HMRC has confirmed its new methodology for calculating advisory electric rates (AERs) for business drivers using EVs.
It told Autocar Business that it will use figures published in the Office for National Statistics (ONS) quarterly index for domestic electricity, which forms part of the Consumer Price Index.
“The methodology used to calculate the Advisory Electric Rates was adjusted to incorporate figures published in the Office for National Statistics quarterly index for domestic electricity,” said an HMRC spokesperson, via email.
Senior members of the fleet industry were unaware of exactly how HMRC would calculate AERs since it moved from annual to quarterly reviews in December 2022. At the time, Paul Hollick, chair of the Association of Fleet Professionals (AFP), said: “We still don’t know where they are going to get their data to do it quarterly.”
Responding to the use of ONS figures, he said he was “pleased that they’re using industry indices” but planned to compare it with the outgoing process to see how much difference it would make.
AERs were introduced in 2018 as a simple way to refund business mileage for electric car drivers – the EV equivalent of advisory fuel rates (AFRs) for petrol and diesel cars.
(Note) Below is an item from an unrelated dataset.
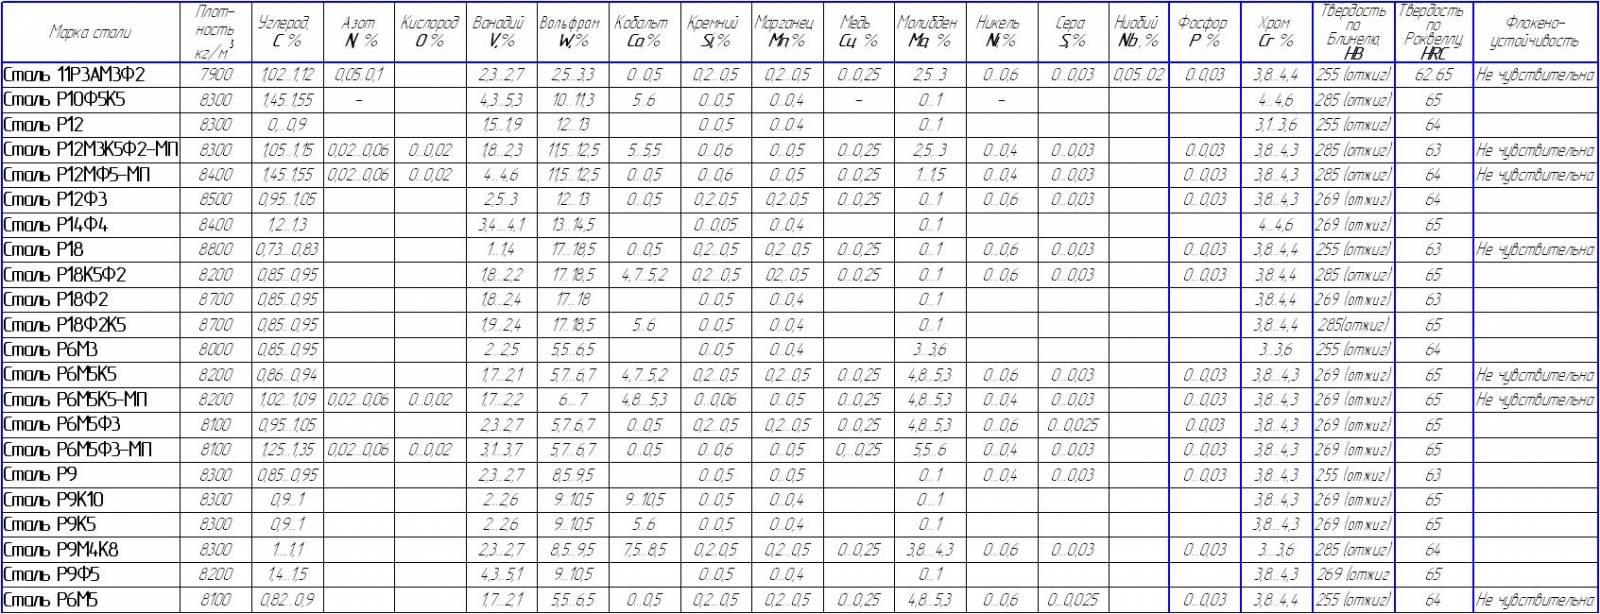 недавно расшифровка сплавов металлов справочник расписание устарело Доходы
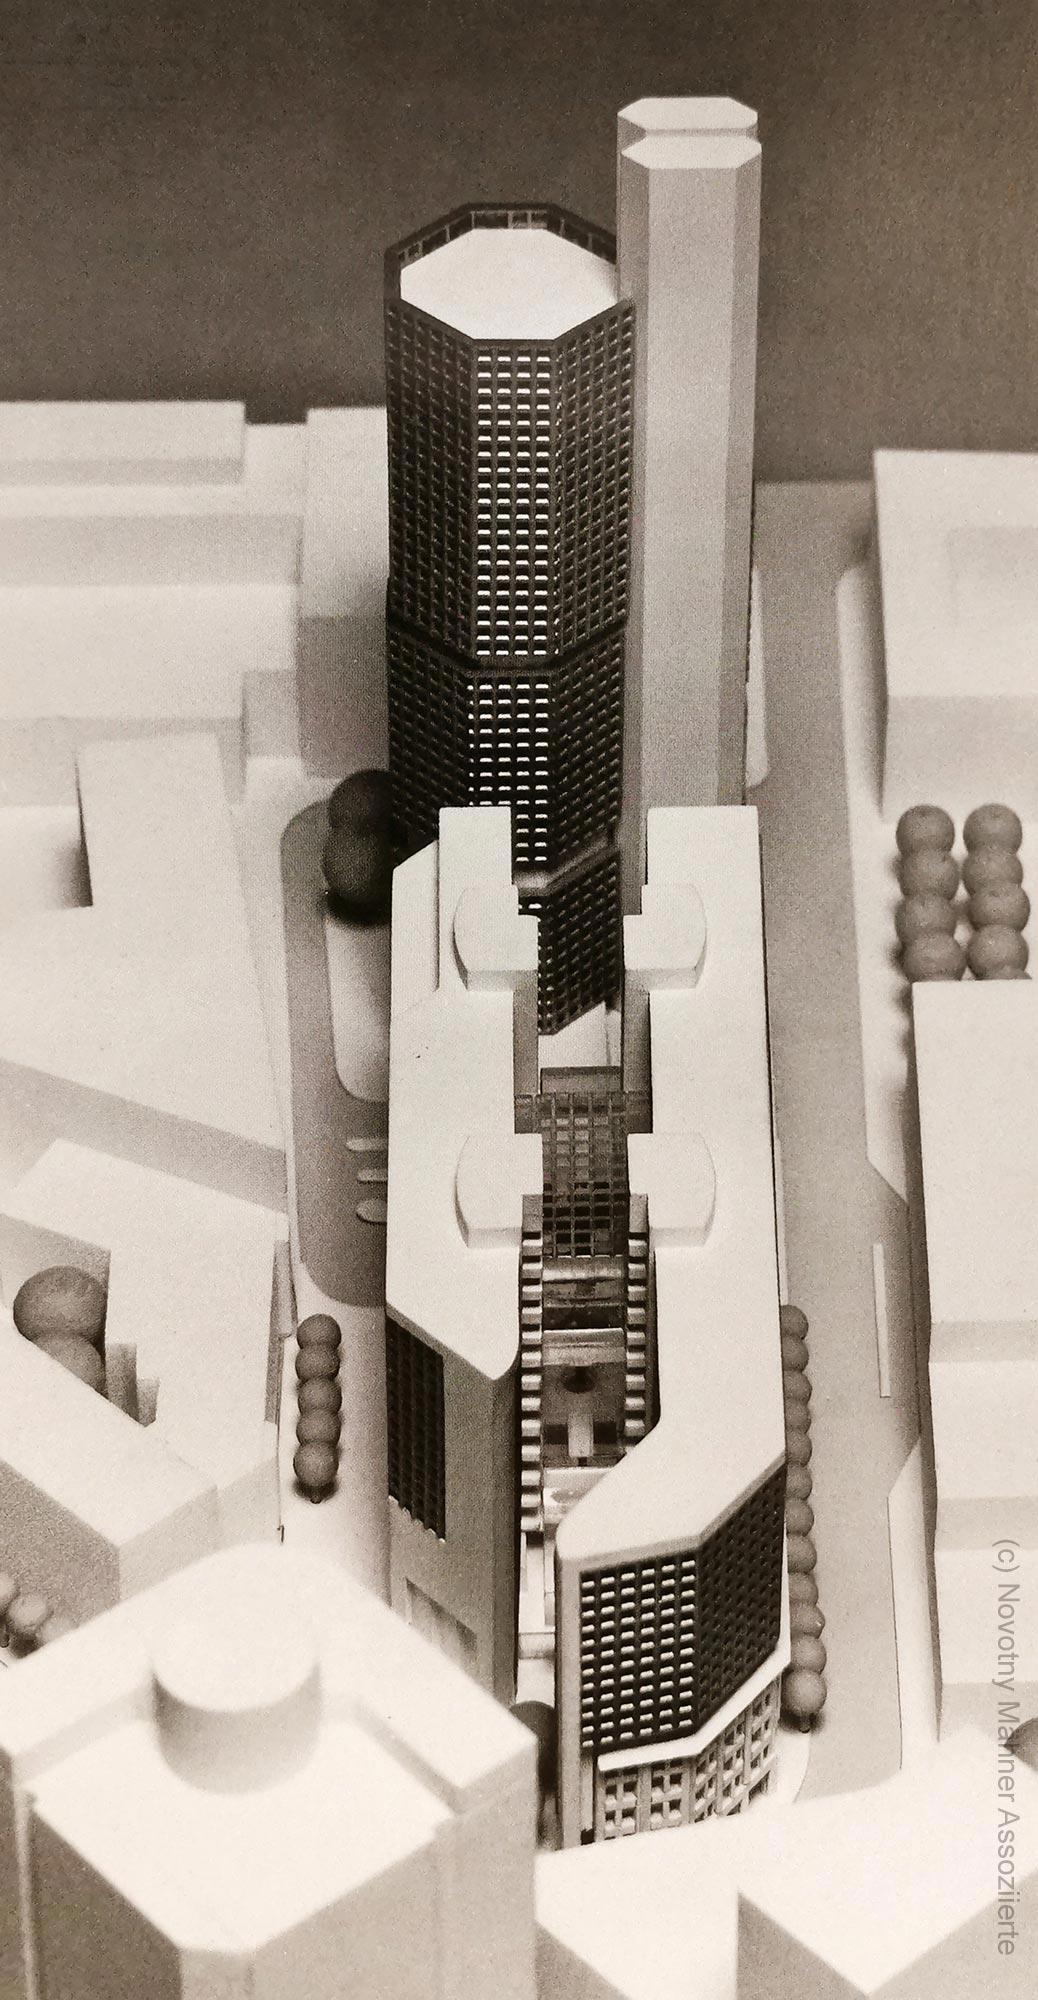 Nicht gebautes Helaba Hochhaus Neue Mainzer Strasse von N+M Architekten Offenbach - vorgelegt circa 1985

They were previously issued in November and based primarily on data from the Department for Business, Energy and Industrial Strategy (BEIS).
HMRC contacted Autocar Business after this story was originally published, to clarify that it would still use BEIS data as part of the calculation.
“The AER value will continue to be calculated using the figures from BEIS and DfT, but will now be adjusted quarterly using the ONS energy figures.”
HMRC switched to quarterly reviews – in line with AFRs – in December, and increased AERs from five to eight pence per mile. The move followed calls from the fleet industry that rates had not kept pace with rocketing energy prices, as Autocar Business reported in September 2022.